On 13.12.19 10:27, Roger Pau Monné wrote:
> On Thu, Dec 12, 2019 at 05:06:58PM +0100, SeongJae Park wrote:
>> On Thu, 12 Dec 2019 16:27:57 +0100 "Roger Pau Monné" <roger.pau@citrix.com> wrote:
>>
>>>> diff --git a/drivers/block/xen-blkback/blkback.c b/drivers/block/xen-blkback/blkback.c
>>>> index fd1e19f1a49f..98823d150905 100644
>>>> --- a/drivers/block/xen-blkback/blkback.c
>>>> +++ b/drivers/block/xen-blkback/blkback.c
>>>> @@ -142,6 +142,21 @@ static inline bool persistent_gnt_timeout(struct persistent_gnt *persistent_gnt)
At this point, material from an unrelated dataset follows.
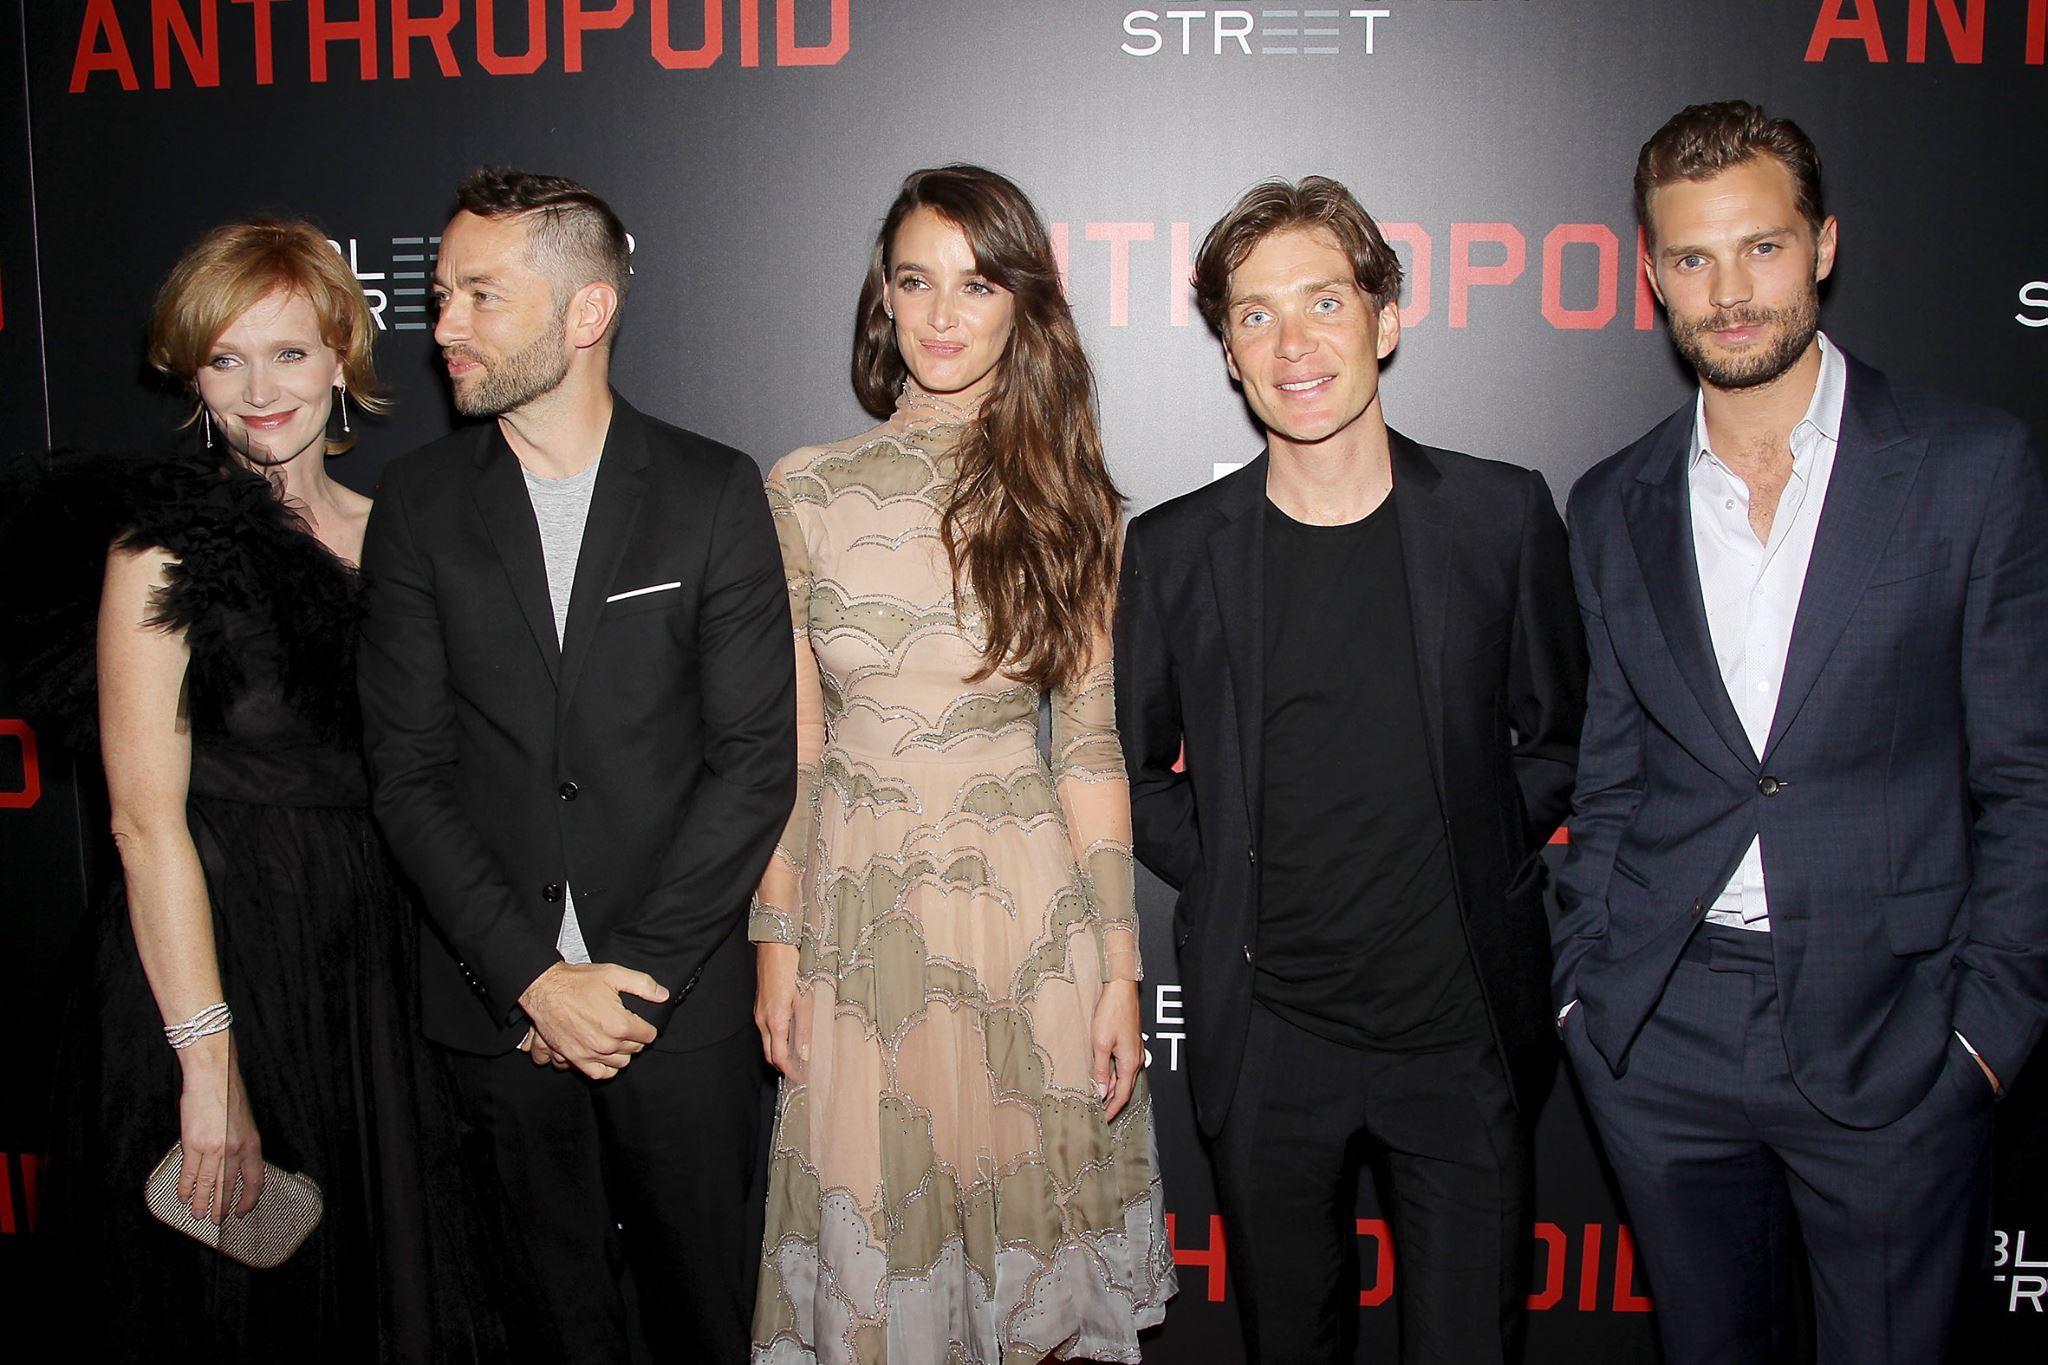 Ana Geislerova, director Sean Ellis, Charlotte Le Bon, Cillian Murphy, and Jamie Dornan.

>>>>   		HZ * xen_blkif_pgrant_timeout);
>>>>   }
>>>>   
>>>> +/* Once a memory pressure is detected, squeeze free page pools for a while. */
>>>> +static unsigned int buffer_squeeze_duration_ms = 10;
>>>> +module_param_named(buffer_squeeze_duration_ms,
>>>> +		buffer_squeeze_duration_ms, int, 0644);
>>>> +MODULE_PARM_DESC(buffer_squeeze_duration_ms,
>>>> +"Duration in ms to squeeze pages buffer when a memory pressure is detected");
>>>> +
>>>> +static unsigned long buffer_squeeze_end;
>>>> +
>>>> +void xen_blkbk_reclaim_memory(struct xenbus_device *dev)
>>>> +{
>>>> +	buffer_squeeze_end = jiffies +
>>>> +		msecs_to_jiffies(buffer_squeeze_duration_ms);
>>>
>>> I'm not sure this is fully correct. This function will be called for
>>> each blkback instance, but the timeout is stored in a global variable
>>> that's shared between all blkback instances. Shouldn't this timeout be
>>> stored in xen_blkif so each instance has it's own local variable?
>>>
>>> Or else in the case you have 1k blkback instances the timeout is
>>> certainly going to be longer than expected, because each call to
>>> xen_blkbk_reclaim_memory will move it forward.
>>
>> Agreed that.  I think the extended timeout would not make a visible
>> performance, though, because the time that 1k-loop take would be short enough
>> to be ignored compared to the millisecond-scope duration.
>>
>> I took this way because I wanted to minimize such structural changes as far as
>> I can, as this is just a point-fix rather than ultimate solution.  That said,
>> it is not fully correct and very confusing.  My another colleague also pointed
>> out it in internal review.  Correct solution would be to adding a variable in
>> the struct as you suggested or avoiding duplicated update of the variable by
>> initializing the variable once the squeezing duration passes.  I would prefer
>> the later way, as it is more straightforward and still not introducing
>> structural change.  For example, it might be like below:
>>
>> diff --git a/drivers/block/xen-blkback/blkback.c b/drivers/block/xen-blkback/blkback.c
>> index f41c698dd854..6856c8ef88de 100644
>> --- a/drivers/block/xen-blkback/blkback.c
>> +++ b/drivers/block/xen-blkback/blkback.c
>> @@ -152,8 +152,9 @@ static unsigned long buffer_squeeze_end;
>>   
>>   void xen_blkbk_reclaim_memory(struct xenbus_device *dev)
>>   {
>> -       buffer_squeeze_end = jiffies +
>> -               msecs_to_jiffies(buffer_squeeze_duration_ms);
>> +       if (!buffer_squeeze_end)
>> +               buffer_squeeze_end = jiffies +
>> +                       msecs_to_jiffies(buffer_squeeze_duration_ms);
>>   }
>>   
>>   static inline int get_free_page(struct xen_blkif_ring *ring, struct page **page)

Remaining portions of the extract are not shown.